Monday, August 13, 2007

Side by Side

We’ve become a couple, my husband and I. Just like that old song from the Depression era --

"Through all kinds of weather...
What if the sky should fall?
As long as we're together,
It doesn't matter at all.

Well we ain't got a barrel of money...
We may look ragged and funny...
But we're travelin' on...
Singing our song...
Side by side.
After several decades together we finish each others sentences and often come up with the exact thoughts, words or expressions simultaneously. I can’t think of a word, he can’t think of a word, but we both absolutely know what word it is we both can’t think of.

Growing up, I would laugh at Mom. She’d be peeling potatoes at the kitchen sink and all of a sudden say, “Ralph. His name was Ralph.”

Sometimes I would know what she was talking about, other times, not a clue, but each time she had an epiphany like this, it was because she had been searching, sometimes for days, for some word or name or image that her brain just could not find in its half-century store house of information. Now I am at that half-century mark and getting more like Mom every day. I’m told it is normal.

When we blurt out something totally out of context, we nod and understand. The old brain finally rummaged around in the right dusty old corner of memory to come up with the answer for which we’d spent days searching.

My husband and I cope as our eye sight fades and our hearing dims. We laugh when our conversations are punctuated with “Huh?” “What did you say?” “I didn’t hear you?”

Of course, we can get away with these types of dysfunctional conversations because it is only us and our cats that hear us. But our son and his wife will be visiting and I can just see his reaction.

He spent a lot of time with my Mom and Dad – his grandparents – and he was their go between. They got to be quite a threesome and it helped my son’s vocabulary in some ways I’d rather it hadn’t, but he got quite good at filling in the blanks for his grandparents.

So when he comes to visit and sees his Mom and Dad behaving like Grandma and Grandpa, we’ll never hear the end of it.

Although, it does have its funny moments. When we mishear, usually it involves my husband mishearing a television commercial. The other night he scrunched up his face and listened then turned to me with this quizzical look on his face, “Did she just say, ‘he has a scaly butt?’”

Aging is so much easier to handle with humor.

3 comments:

Ruth L.~ said...

Sweet Dawn. I can see you too lovebirds now, strolling hand in hand . . . nice.
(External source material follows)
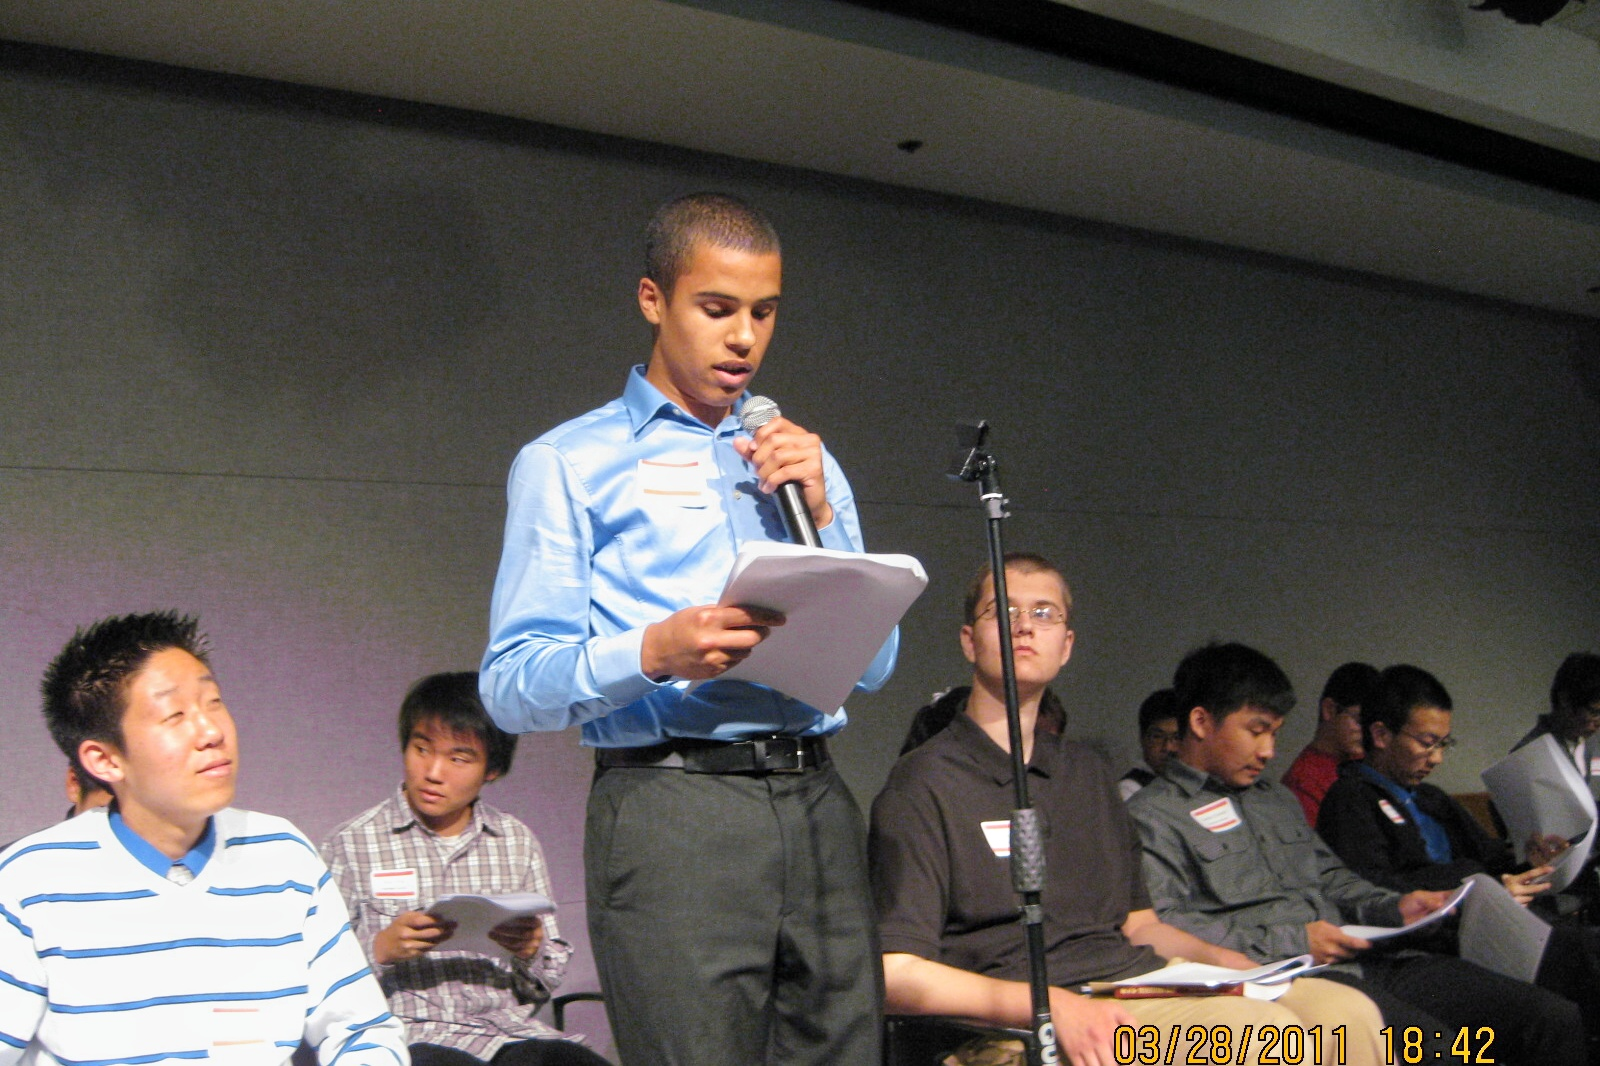 Essay unity among students

Marijke Vroomen-Durning said...

Isn't it funny how that happens? I do have to tell you about an incident my husband and I had - it was right out of the "Who's on first" book.

I have an old dear friend named Kevin. My husband's oldest friend is Kevin. My Kevin lives in Vancouver, DH's Kevin lives in Toronto. We live in Montreal.

Last year, on April 15th, I said to my DH that I had to call Kevin the next day to wish him a happy birthday. My DH said, no, it's ok, I'll do that.
Me: huh? I always call Kevin on his birthday, why would you call Kevin?
Him: what? I always call Kevin.
Me: no you don't. He's my friend. You don't even know his phone number.
Him, looking at me like I'm nuts: Of course I have his phone number.

We go back and forth a few times until I say somethin about Vancouver. He says, no he's in Toronto. All of a sudden a light bulb goes off. Both of our Kevins have the SAME birthday!!!

It was so funny. Still is, actually. :-)

Randy said...

No Dawn, I saw the same commercial. She did say, "He has a scaly butt". Tell Darrol that I said hi.